Некоторое время он сидел неподвижно, затем легко вздохнул и снова попытался подняться. Она протянула руку, чтобы помочь ему, но он даже не взглянул на нее. Аня отступила назад и сцепила пальцы опущенных рук перед собой, Наконец он приподнялся и тяжело сел на край кровати.

– Хорошо, – спокойно сказал он, – возможно, я заслужил это. Ты добилась своего. Сейчас ты можешь уже отпустить меня.

– Я отпущу тебя завтра в полдень.

– В полдень? – переспросил он, нахмурившись, но через мгновение его лицо прояснилось. – Ясно. Ты понимаешь, не так ли, что если я не смогу вовремя появиться на месте дуэли, я потерял свою честь? Ты знаешь, что меня будут называть трусом, что я стану предметом насмешек?

Она почувствовала неловкость, услышав это, но это не проявилось ни в выражении ее лица, ни в голосе:

– Ты – Равель Дюральд, идол всех зеленых юнцов города, человек, который больше десяти раз дрался на дуэли и убил как минимум троих из своих соперников. Ты всегда сможешь сказать, что ты заболел или тебе что-то помешало. Можно сомневаться в храбрости других, но не в твоей. А что касается твоей драгоценной чести…

– Не надо, – слегка язвительно сказал он.

– Очень хорошо, но не надо мне рассказывать, как это важно для тебя – драться на этой дуэли!

– Но на что ты надеешься? Дуэль всего-навсего будет отложена.

Она сделала рукой быстрый, нетерпеливый жест.

– Не надо, я читала дуэльный кодекс Хосе Кинтеро и слышала, как мужчины обсуждали Nouveaux Code du Duel[12] графа дю Верже де Сен-Тома. Дуэль, на которую один из противников не является, не может быть назначена повторно.

– Николс и я, мы ведь можем встретиться на дуэли и позже, по какой-нибудь другой причине, – сказал он.

– Я не вижу для этого никакого повода. Ты едва знаком с Мурреем и можешь просто больше никогда с ним не встретиться.
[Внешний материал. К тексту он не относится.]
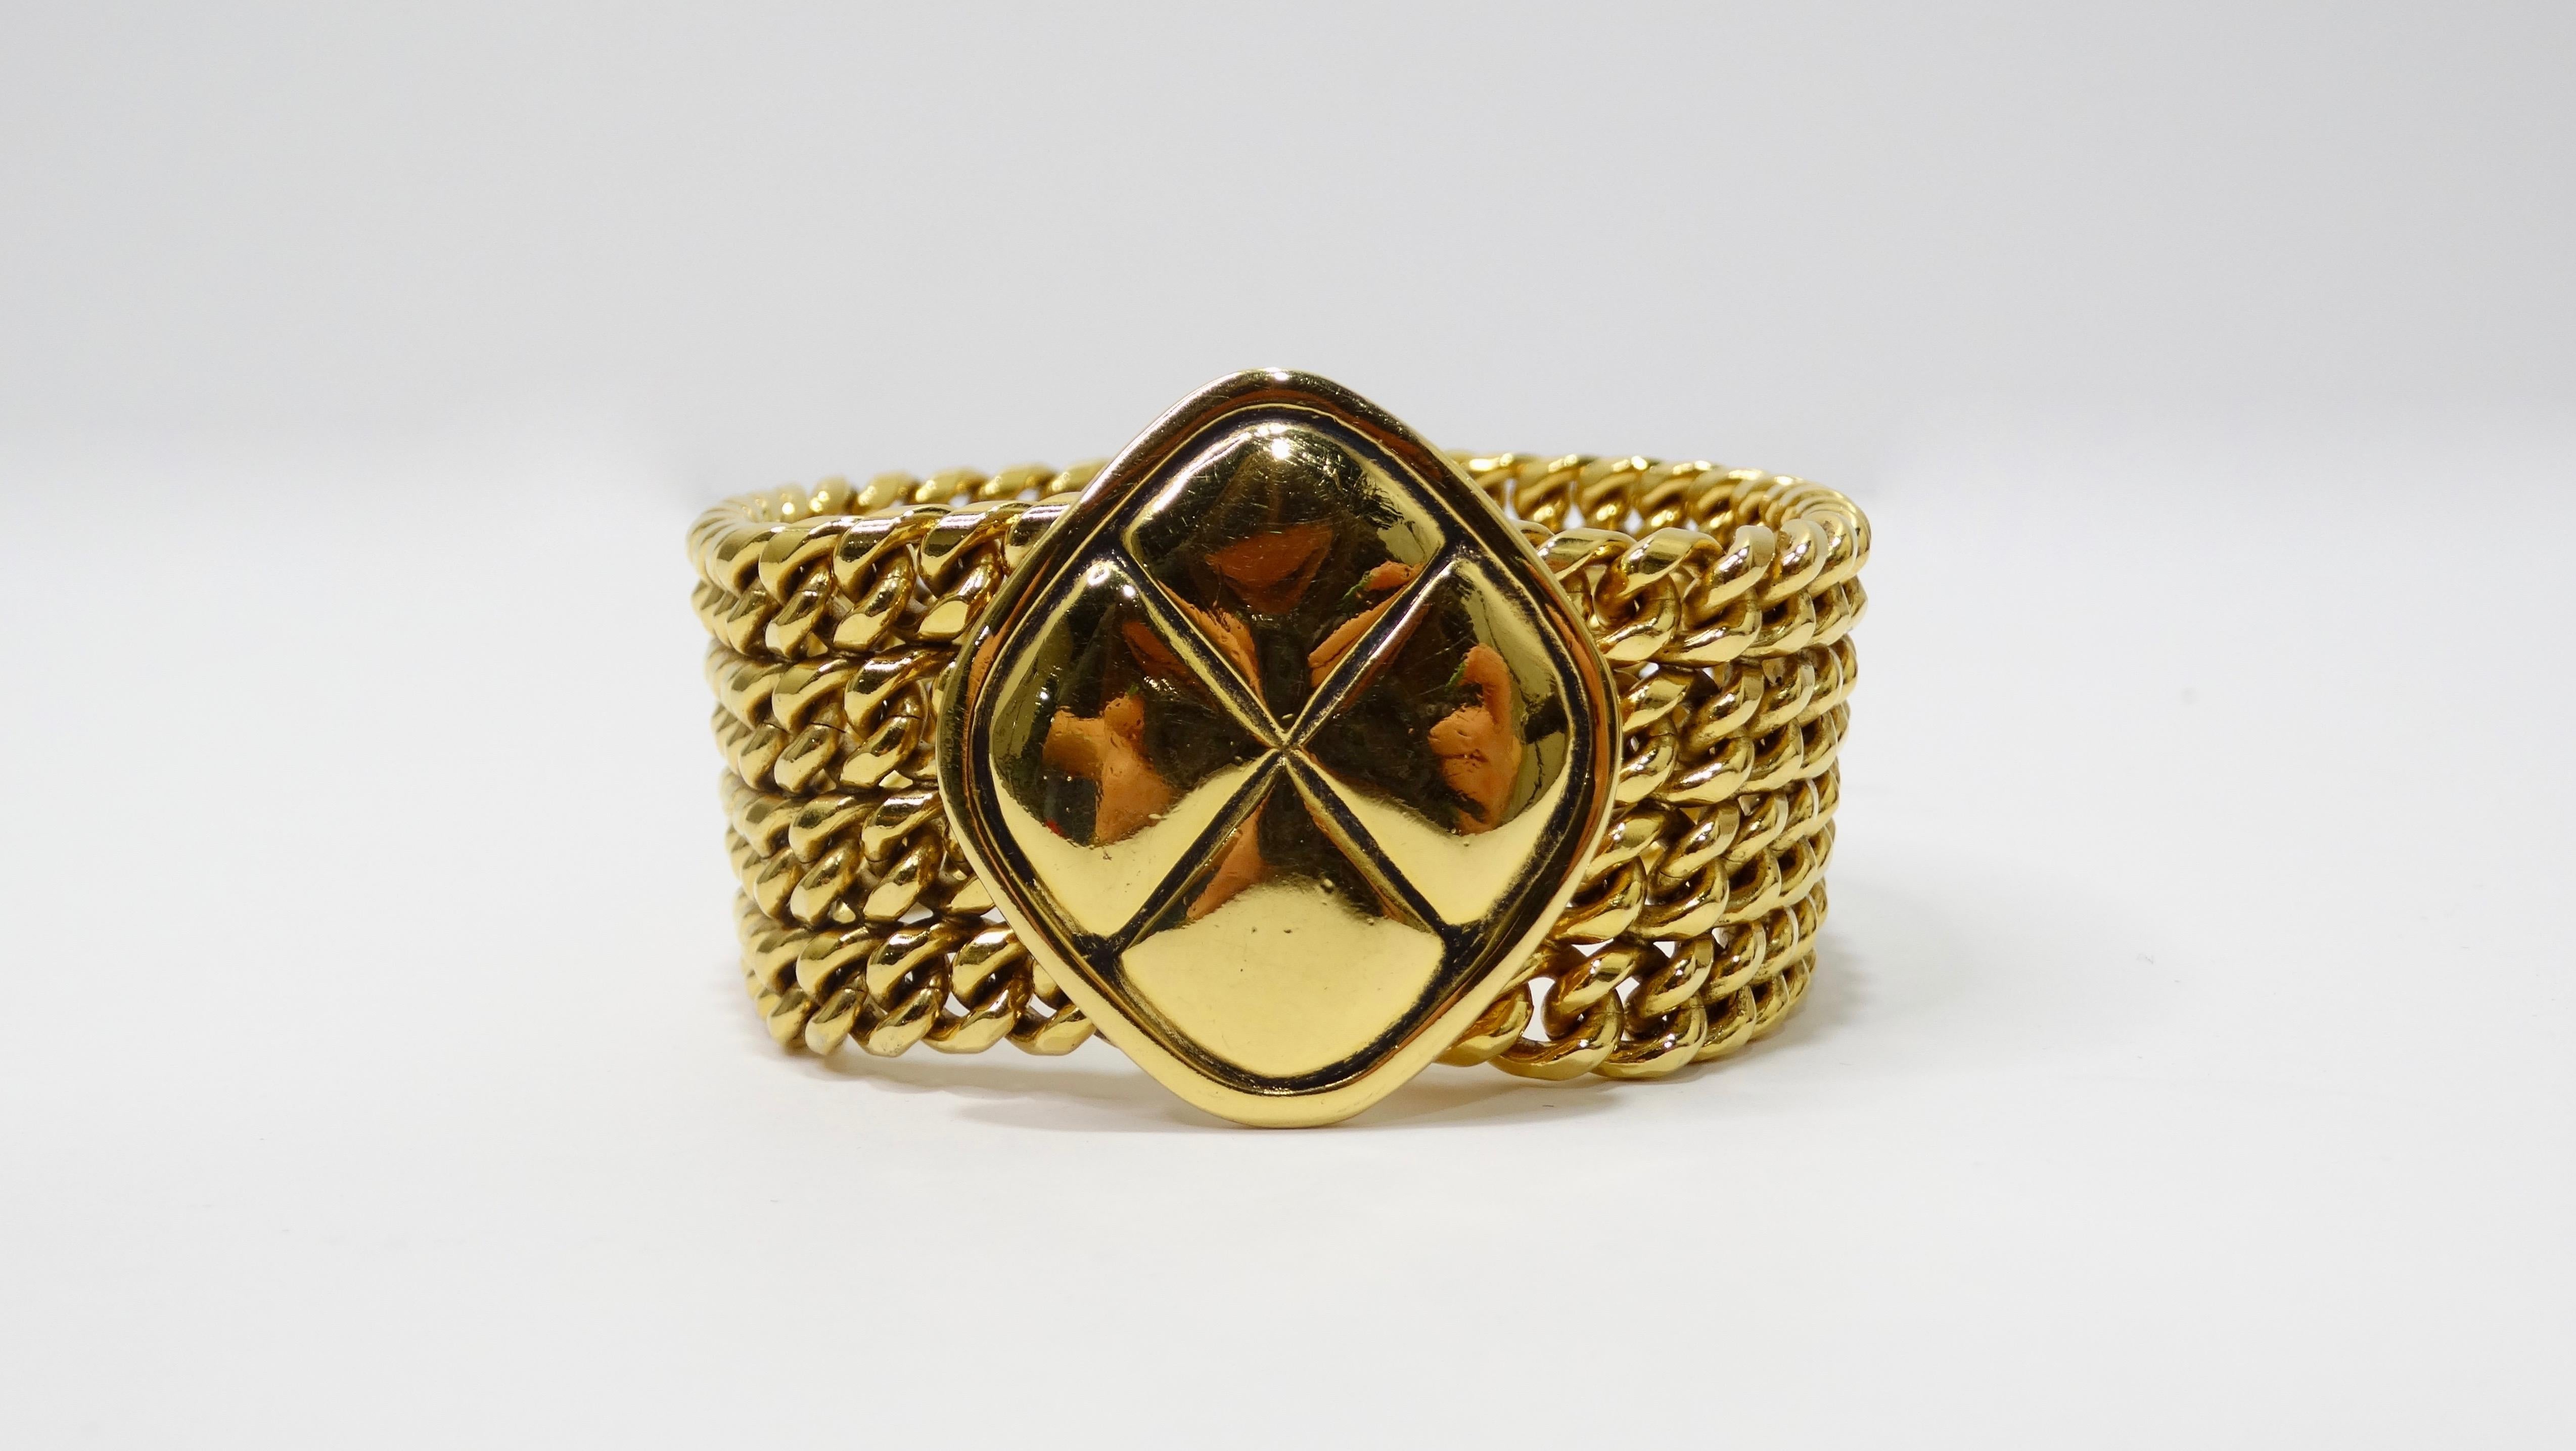 Stay lucky with this timeless Chanel bracelet! Circa 1970s, this gold toned multi-chain bracelet features a four leaf clover pendant with a hook and eye closure. Chanel was very superstitious and she often surrounded herself with lucky charms and

Все, что он мог сказать тебе, чтобы спровоцировать тебя, было предназначено только для того, чтобы защитить меня. Он чувствует ответственность, так как он вскоре станет членом нашей семьи.

Когда он снова заговорил, его голос звучал довольно жестко:

– Я так и подумал. А как будет себя чувствовать Николс, если выяснится, что сестра его будущей жены вызвала самый крупный скандал из тех, которые когда-либо бывали в Новом Орлеане? А это будет именно такой скандал, ты же знаешь. Не думаешь же ты на самом деле, что сможешь держать меня здесь без того, чтобы это стало известно всем?

– Я действительно думаю, что могу это сделать, по крайней мере на короткое время. Ты вряд ли будешь жаловаться на мои действия, иначе неизбежно станешь тем самым предметом насмешек. А если тебя беспокоят слуги, то знают об этом только экономка и ее сын, а они умеют хранить тайну.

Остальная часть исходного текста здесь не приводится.